To save any dataset call `pinnsim.dataset_functions.dataset_handling.save_dataset_raw()` and specify the path. As a default we suggest the `data` folder in the project.

## Datasets needed for training (can take a while ~20 min)

The following cell can be run if the various datasets should be simulated for training the PINNs that are needed to run PINNSim on the IEEE 9-bus system.
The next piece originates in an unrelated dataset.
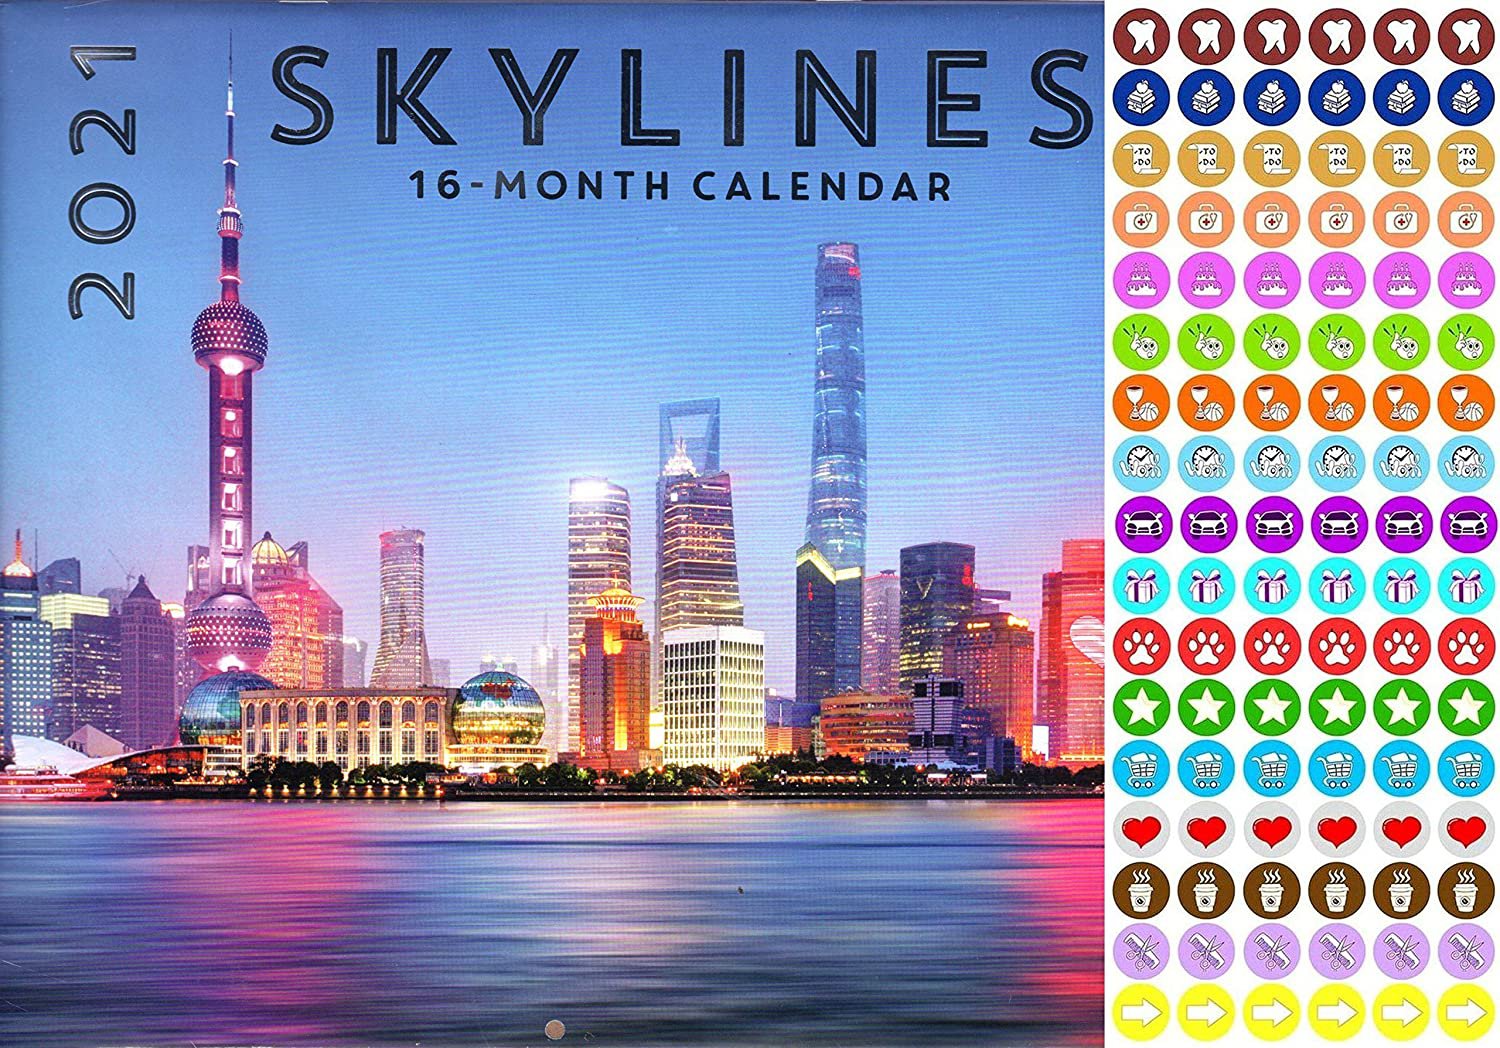 2021 16 Month Wall Calendar - Skylines - with 100 Reminder Stickers

They can be found readily simulated in `data.learning_data`. 

In [6]:
import itertools

from pinnsim import LEARNING_DATA_PATH

seeds = torch.randint(
    low=100000,
    high=100000000,
    size=(9,),
    generator=torch.Generator().manual_seed(21643131),
).tolist()

for seed, (generator_id, dataset_type) in zip(
    seeds,
    itertools.product(
        ["ieee9_1", "ieee9_2", "ieee9_3"], ["train", "test", "collocation"]
    ),
):
    dataset_config = define_dataset_config(
        dataset_type=dataset_type, generator_id=generator_id, seed=seed
    )
    generate_dataset(dataset_config, data_path=LEARNING_DATA_PATH)


Saved dataset "train_ieee9_1".
Created and saved dataset train_ieee9_1 in 108.64 s.
Saved dataset "test_ieee9_1".
Created and saved dataset test_ieee9_1 in 179.96 s.
Saved dataset "collocation_ieee9_1".
Created and saved dataset collocation_ieee9_1 in 0.09 s.
Saved dataset "train_ieee9_2".
Created and saved dataset train_ieee9_2 in 148.06 s.
Saved dataset "test_ieee9_2".
Created and saved dataset test_ieee9_2 in 235.21 s.
Saved dataset "collocation_ieee9_2".
Created and saved dataset collocation_ieee9_2 in 0.07 s.
Saved dataset "train_ieee9_3".
Created and saved dataset train_ieee9_3 in 165.99 s.
Saved dataset "test_ieee9_3".
Created and saved dataset test_ieee9_3 in 264.15 s.
Saved dataset "collocation_ieee9_3".
Created and saved dataset collocation_ieee9_3 in 0.07 s.